Skip the front of the package, as this is the manufacturer's window dressing, advertising, and bait. Instead, go directly to the nutrition label, and check all the ingredients. The first on the list is always the largest, and is the prevalent ingredient in the package. Breakfast cereals contain mostly sugar and along with snacks, cookies, candy, and some canned fruits fall into this category. Beginning your day with these will almost certainly sabotage your healthy eating plan.

Hydrogenated oils and high fructose corn syrup indicate highly processed foods. Your body does not need these, as they are very different from the whole foods from which they began, and can cause or aggravate many unhealthy conditions such as obesity and diabetes. You will find these ingredients listed on cake and cookie mixes, chips, and snack labels.

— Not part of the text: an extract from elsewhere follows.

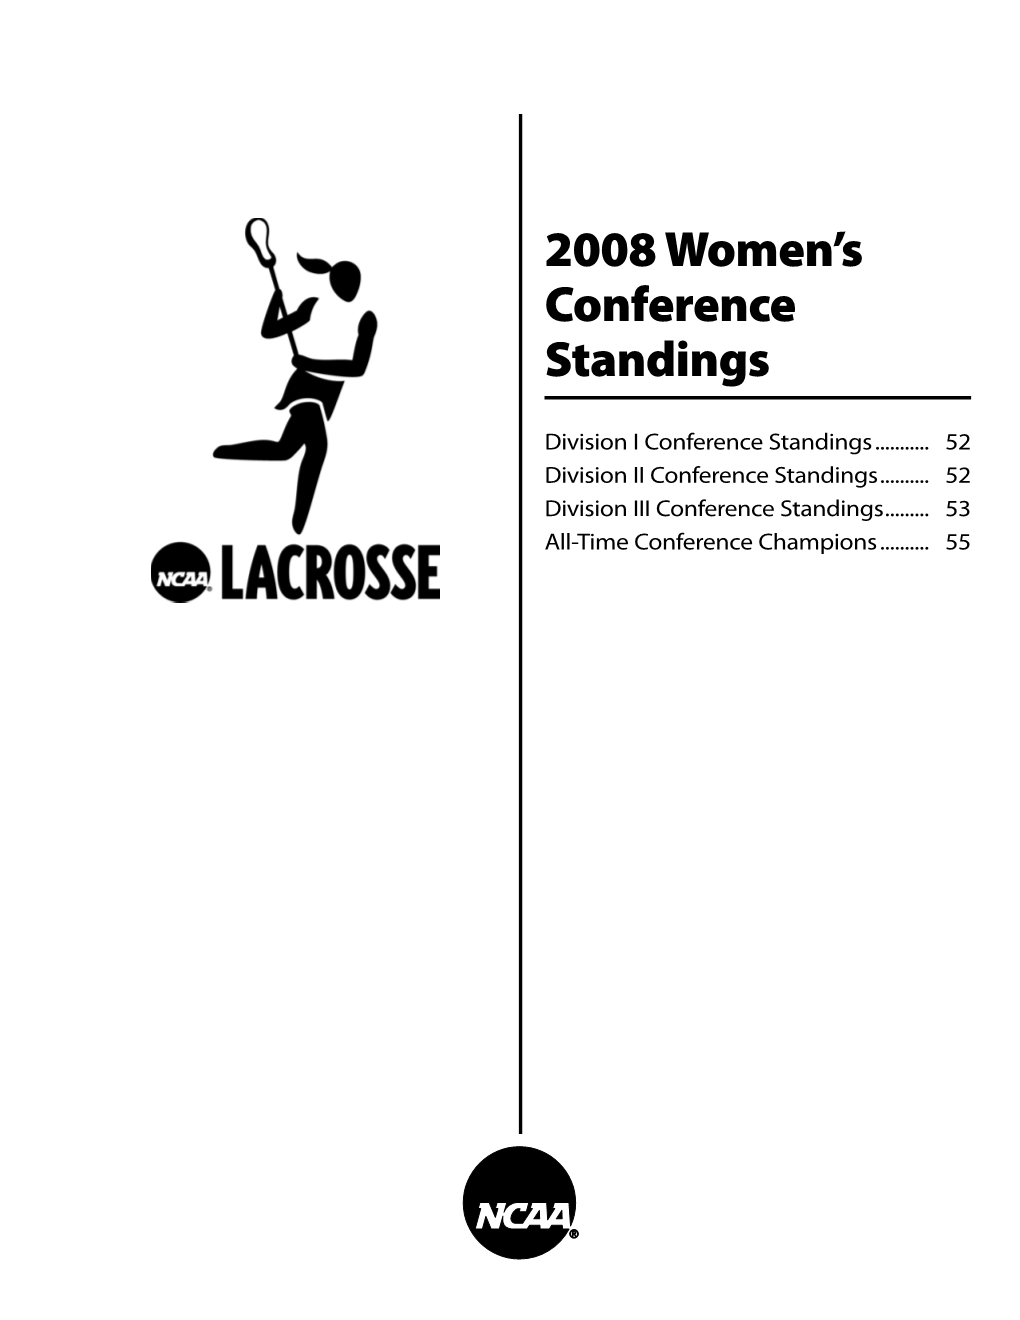 2008 Conference Standings

Salt, sugars, artificial coloring and artificial flavors add to the list of undesirable and unhealthy ingredients. It is best to choose food with a short list of ingredients, as they tend to be somewhat healthier, and you are not feeding your body anything you do not want it to have. Find these ingredients in processed package foods and snacks. Be especially careful when buying anything calling itself "lite." Check the label carefully for added sodium and sugar. Check the labels on canned vegetables as these can contain an unhealthy amount of sodium. Processed packaged foods, hot dogs and many brands of sausage contain these ingredients.

When buying breads, English muffins or crackers, be sure that whole grain is the first ingredient on the label. If whole-wheat flour, or stone ground whole wheat flour are the first ingredients on the label, the product contains whole grain nutrition, and has at least two grams of dietary fiber.

When choosing pasta, choose the whole wheat or whole grain variety, as these have not been as processed as their white flour counterparts have. Choose brown rice over white and for additional high fiber nutrition, mix it half-and-half with whole grain barley. A product whose first ingredient is simply wheat contains more refined and processed ingredients, as well as hydrogenated oils, artificial coloring, sugar, sodium and other preservatives.

Eating healthy is not difficult, but with the huge amount of packaged convenience foods containing questionable ingredients available to us, it pays to become a nutrition detective. Buy fresh or frozen fruits and vegetables, stick to whole grain rice, bread, and cereal, and remember to read those labels!